One of the authors, Zach Dorfman, posted a salient reminder as news of the plea deal filtered through that many officials during the Trump administration, even harsh critics of Assange “thought [CIA Director Mike] Pompeo’s extraordinary rendition plots foolhardy in the extreme, and probably illegal. They also – critically – thought it might harm Assange’s prosecution.”

Were Pompeo’s stratagems to come to light “it would make the discovery process nightmarish for the prosecution, should Assange ever see trial”.

From the perspective of publishers and journalists keen to keep the powerful accountable, the plea must be seen as enormously troubling.

It ultimately goes to the brutal exercise of US extraterritorial power against any publisher, irrespective of outlet and irrespective of nationality.

While the legal freight and prosecutorial heaviness of the charges was reduced dramatically (62 months is less imposing than 175 years) the measure extracts a pound of flesh from the fourth estate.

It signals that the US can and will seek out those who obtain and publish national security information that they would rather keep under wraps under spurious notions of “harm”. 

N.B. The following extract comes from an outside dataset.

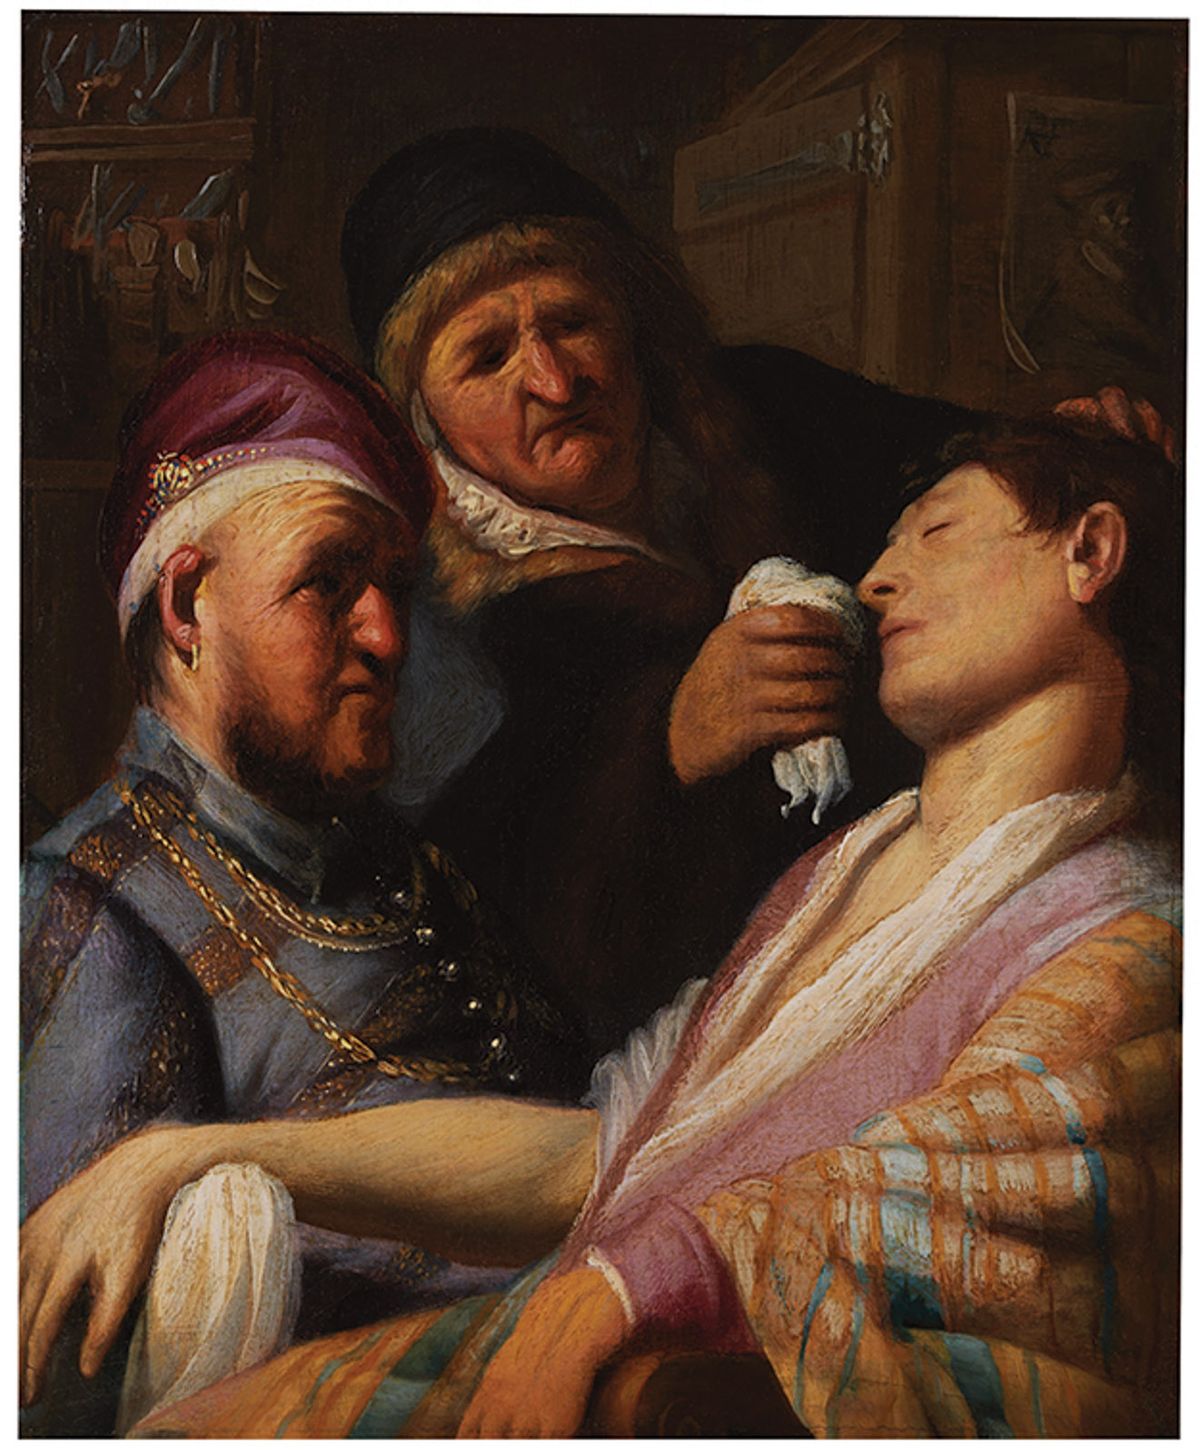 Rembrandt's Unconscious Patient (Allegory of Smell) van Rijn (around 1624–25) belonged to Jay Rappoport's grandfather Courtesy of The Leiden Collection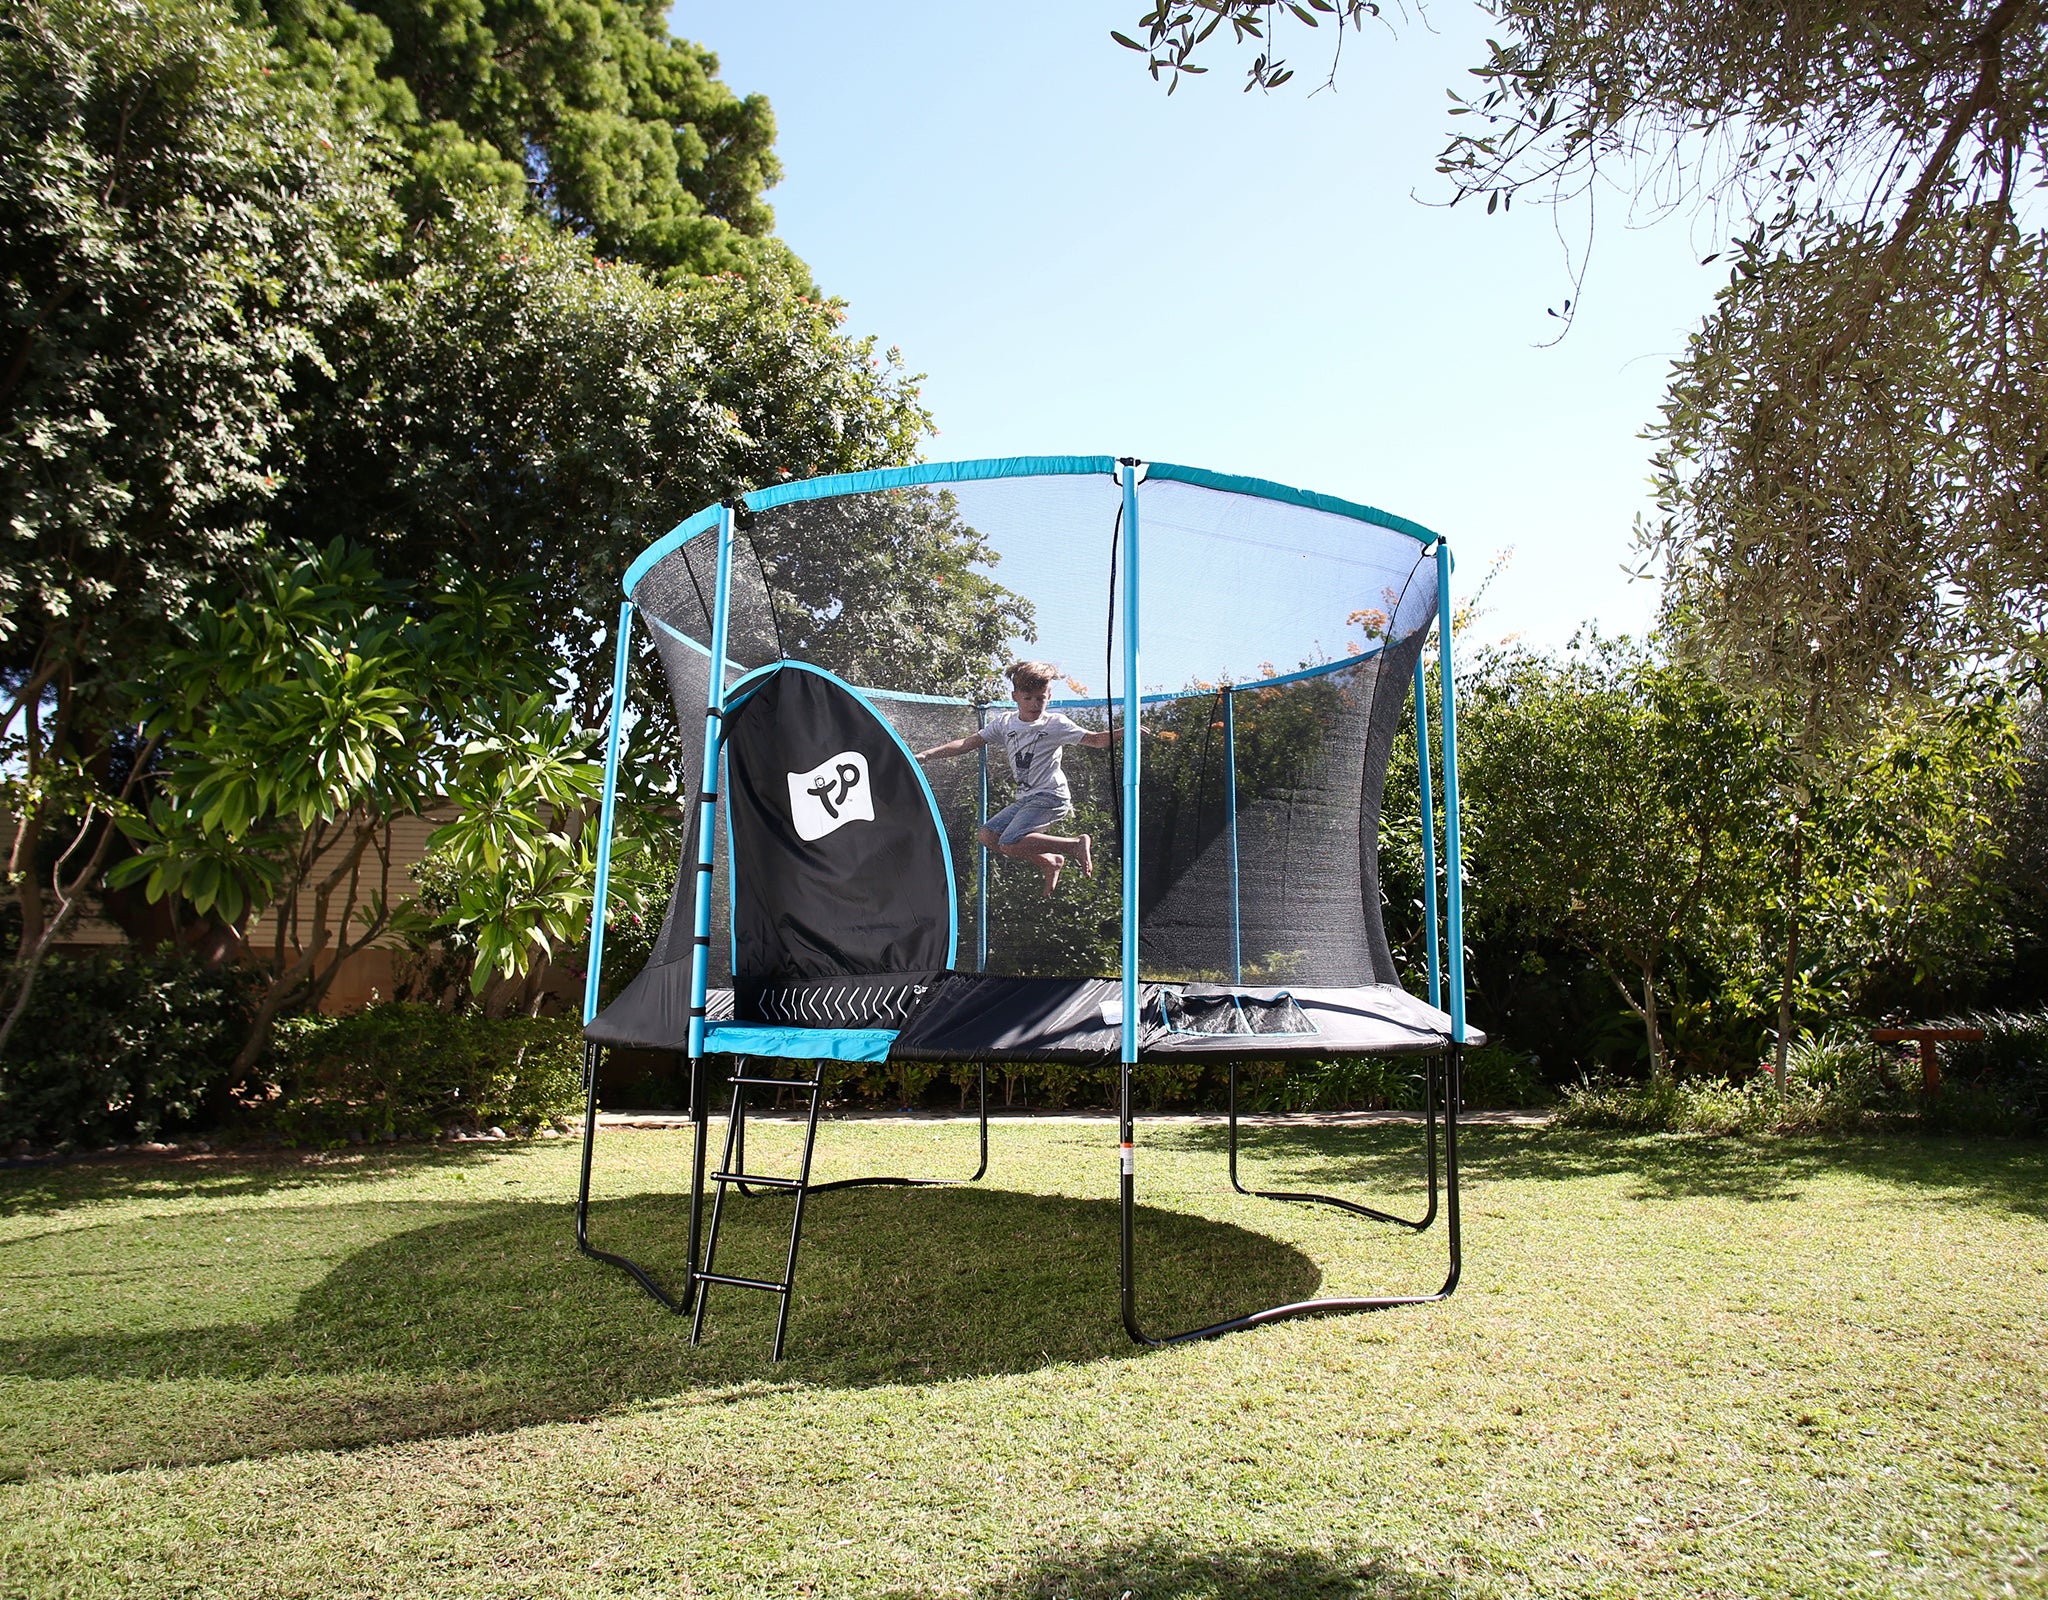  What Should I Look For In A Trampoline: A Buyer's Guide for Measurements and Finding the Best One

Assange’s conviction also shores up the crude narrative adopted from the moment WikiLeaks began publishing US national security and diplomatic files: such activities could not be seen as journalistic, despite their role in informing media commentary, or exposing the venal side of power through leaks.

From the lead prosecuting attorney Gordon Kromberg to British judges such as Vanessa Baraitser, the national security commentariat lodged in the media stable, to any number of politicians, including the late California Democrat Dianne Feinstein and Biden, Assange was not of the fourth estate and he deserved his mobbing.

Assange gave the game away: he pilfered and stole the secrets of empire.

To that end, the plea deal makes a mockery of arguments and declarations that the arrangement is somehow a victory for media freedom.

It suggests the opposite: that anyone publishing US national security information by a leaker or whistleblower is imperilled.

While the point was never tested in court, non-US publishers may be unable to avail themselves of the free speech protections of the First Amendment.

The Espionage Act, for the first time in history, has been given a global reach and weaponised against publishers outside the US, paving the way for future prosecutions.